Get summaries of the top AI research delivered straight to your inbox:

## Overview

- This paper explores a method called "Wu's Method" that can boost the performance of symbolic AI systems to rival that of silver medalists in the International Mathematical Olympiad (IMO) for geometry problems.
- The paper also shows that combining Wu's Method with a deep learning system called "AlphaGeometry" can outperform gold medalists at the IMO in geometry.

## Plain English Explanation

The paper discusses a new technique called "Wu's Method" that can significantly improve the problem-solving abilities of symbolic AI systems, allowing them to reach the level of silver medalists in the prestigious International Mathematical Olympiad (IMO) for geometry problems. This is an impressive achievement, as the IMO is one of the most challenging math competitions in the world.

Furthermore, the researchers combined Wu's Method with a deep learning system called "AlphaGeometry" to create an even more powerful system that can outperform the gold medalists at the IMO in geometry. This is a remarkable result, as gold medalists are the very best mathematicians in the world at that age.

The key insight behind Wu's Method is to leverage "symbolic reasoning" techniques, which allow the AI system to work with abstract mathematical concepts and relationships, rather than just raw numerical data. This enables the system to tackle complex, multi-step geometric problems in a more human-like way, rather than just brute-force searches or pattern matching.

By integrating Wu's Method with the deep learning capabilities of AlphaGeometry, the researchers were able to create a hybrid system that combines the strengths of both symbolic and neural network approaches. This allows the system to excel not only at recognizing patterns in data, but also at truly understanding and reasoning about the underlying mathematical principles.
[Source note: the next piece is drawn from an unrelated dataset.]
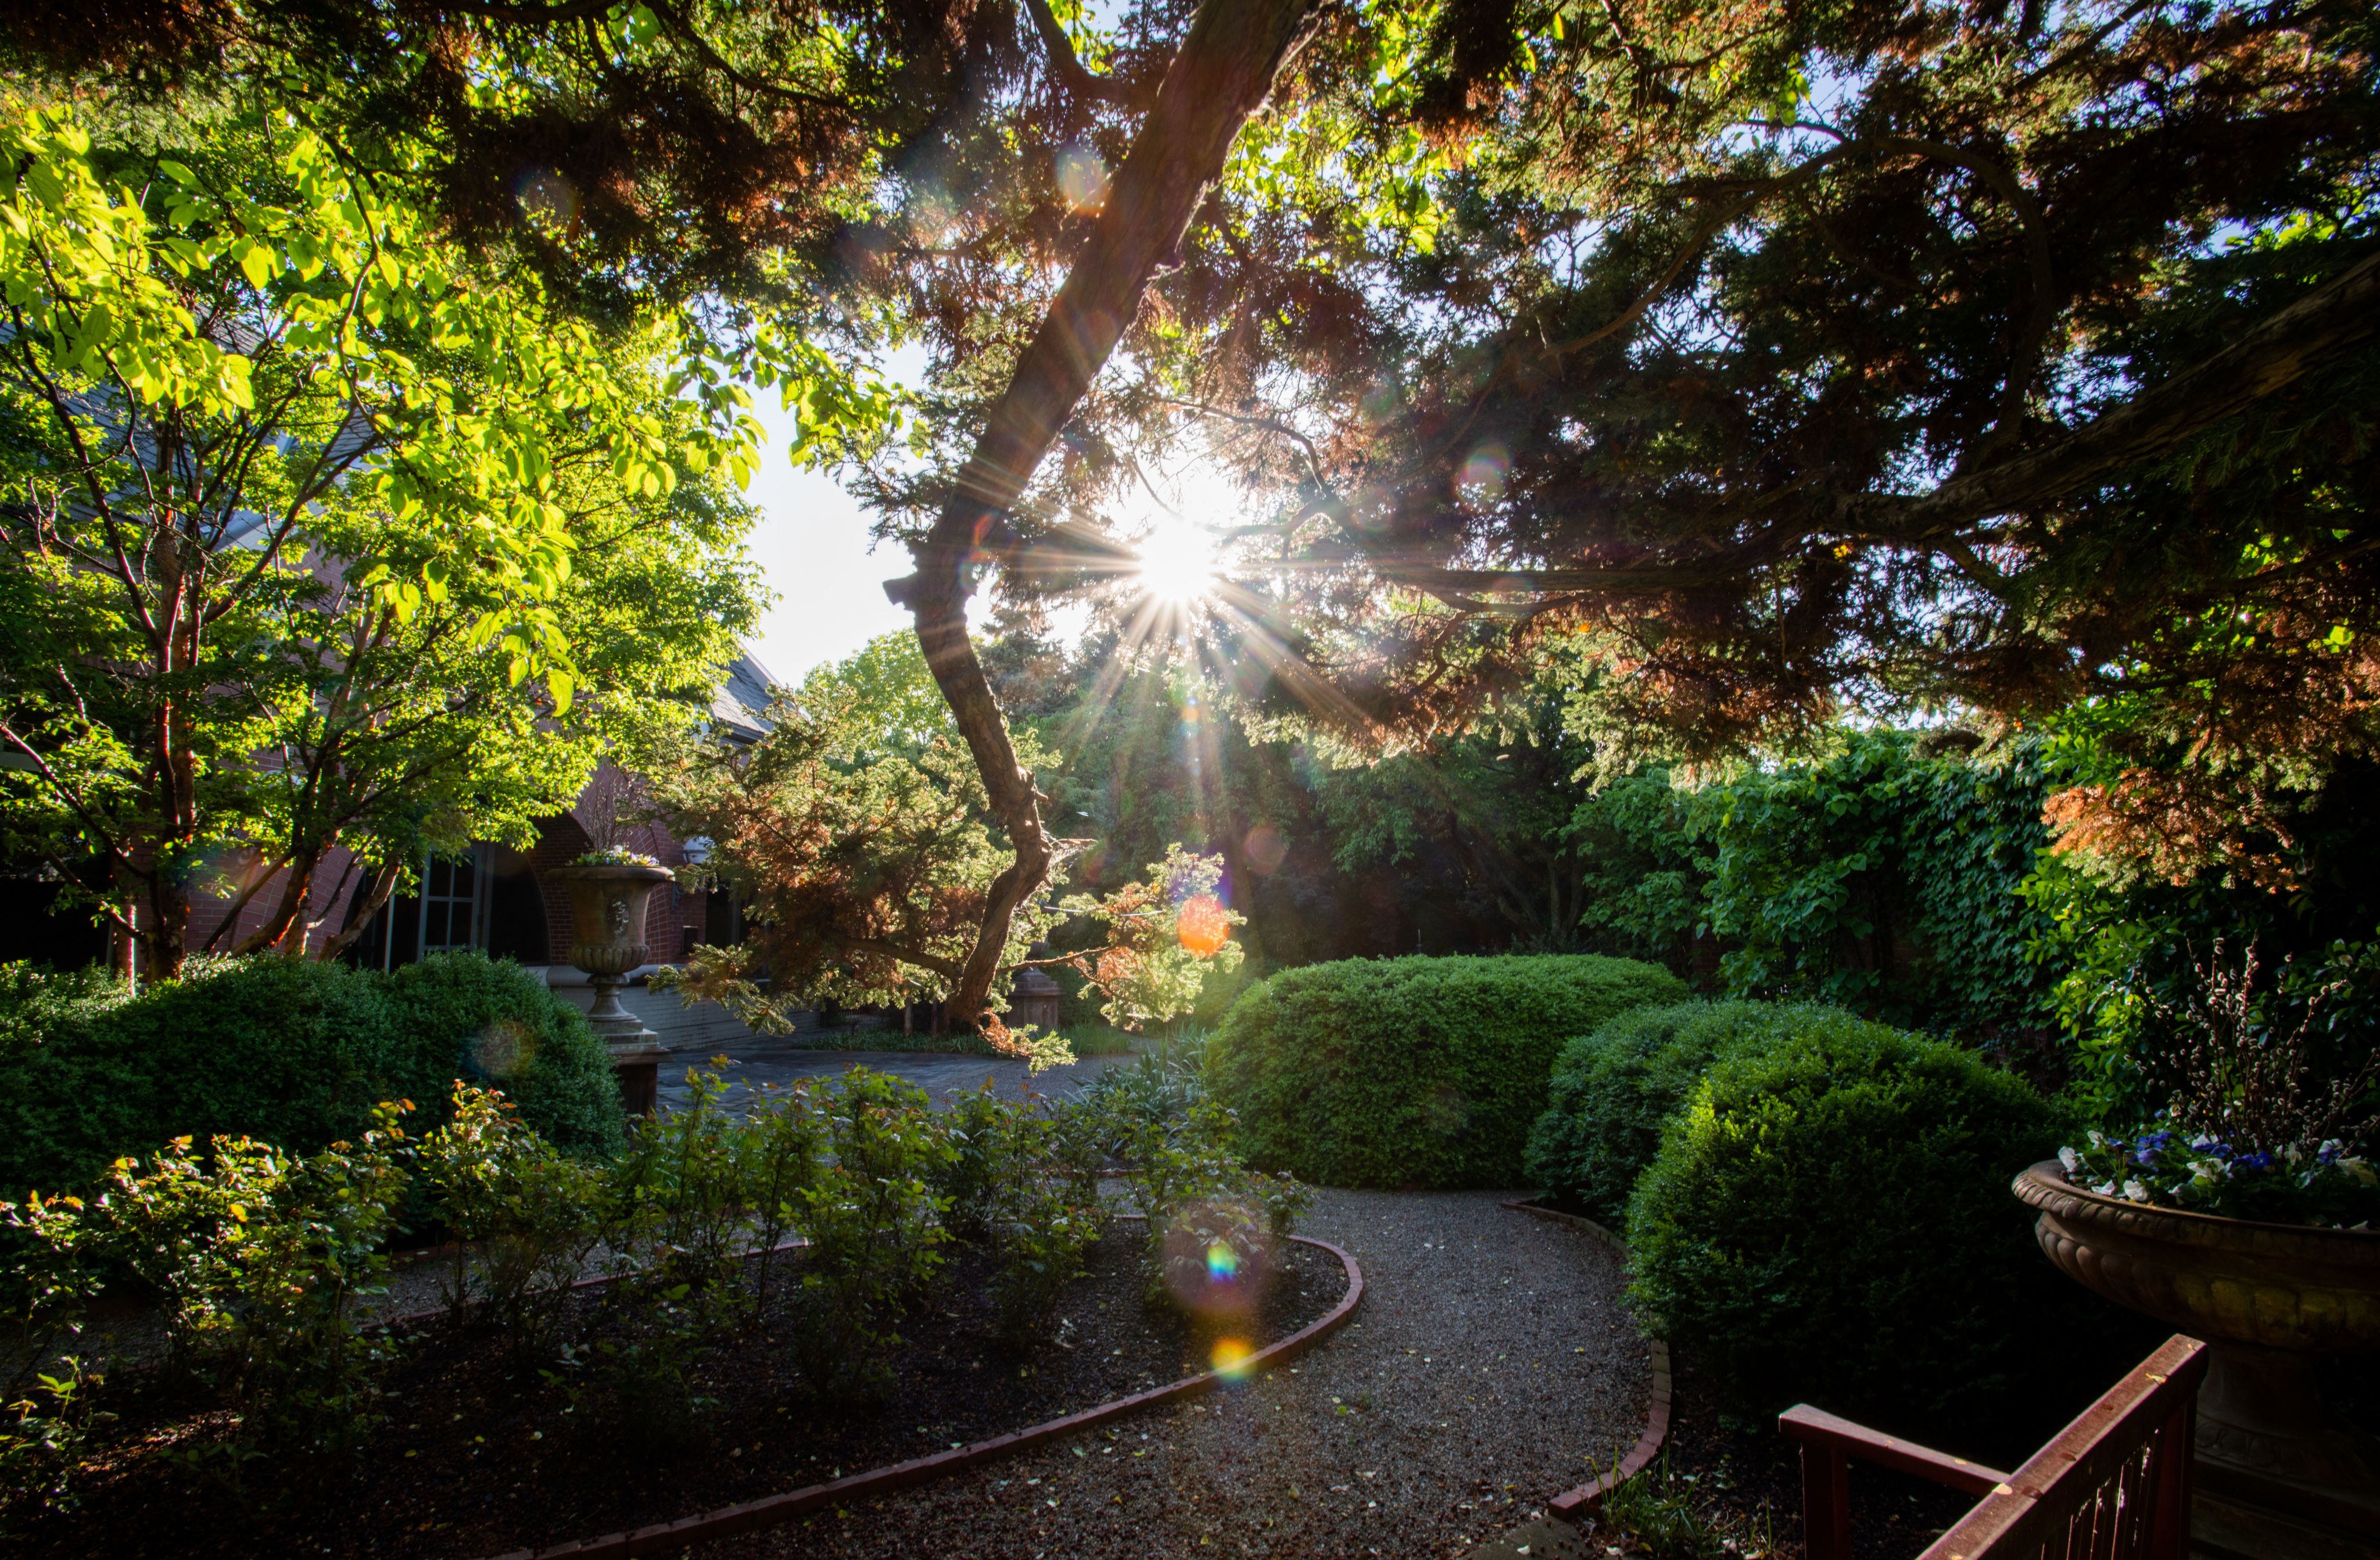 sun peeking through trees of a campus garden with a winding path, lots of green bushes

The implications of this research are significant. It demonstrates that AI systems can now rival and even surpass the mathematical abilities of top human experts, at least in the domain of geometry. This could lead to breakthroughs in areas like automated theorem proving, computer-assisted math education, and the development of intelligent tutoring systems.

## Technical Explanation

The paper introduces a novel approach called "Wu's Method" that can significantly boost the performance of symbolic AI systems on challenging geometry problems from the International Mathematical Olympiad (IMO). 1

The key innovation of Wu's Method is its ability to leverage "symbolic reasoning" techniques to tackle complex, multi-step geometric problems. Rather than relying solely on pattern matching or brute-force search, the system is able to work with abstract mathematical concepts and relationships, allowing it to mimic more human-like problem-solving strategies.

The researchers show that by integrating Wu's Method with a deep learning system called "AlphaGeometry", they are able to create a hybrid approach that outperforms even the gold medalists at the IMO in geometry. 2 This remarkable result demonstrates the power of combining symbolic and neural network techniques to tackle challenging mathematical problems.

The experiments conducted in the paper demonstrate that Wu's Method can boost the performance of standalone symbolic AI systems to the level of silver medalists at the IMO. Furthermore, the combination of Wu's Method and AlphaGeometry is able to surpass the abilities of the gold medalists, who are the top mathematicians in the world at that age.

## Critical Analysis

The paper presents a compelling approach to improving the geometric problem-solving abilities of AI systems, but it is important to consider some potential limitations and areas for further research.

One potential concern is the reliance on the IMO dataset, which may not be representative of the full range of geometric problems encountered in real-world applications. It would be valuable to evaluate the performance of the Wu's Method and AlphaGeometry approach on a more diverse set of geometry problems to better understand its broader applicability.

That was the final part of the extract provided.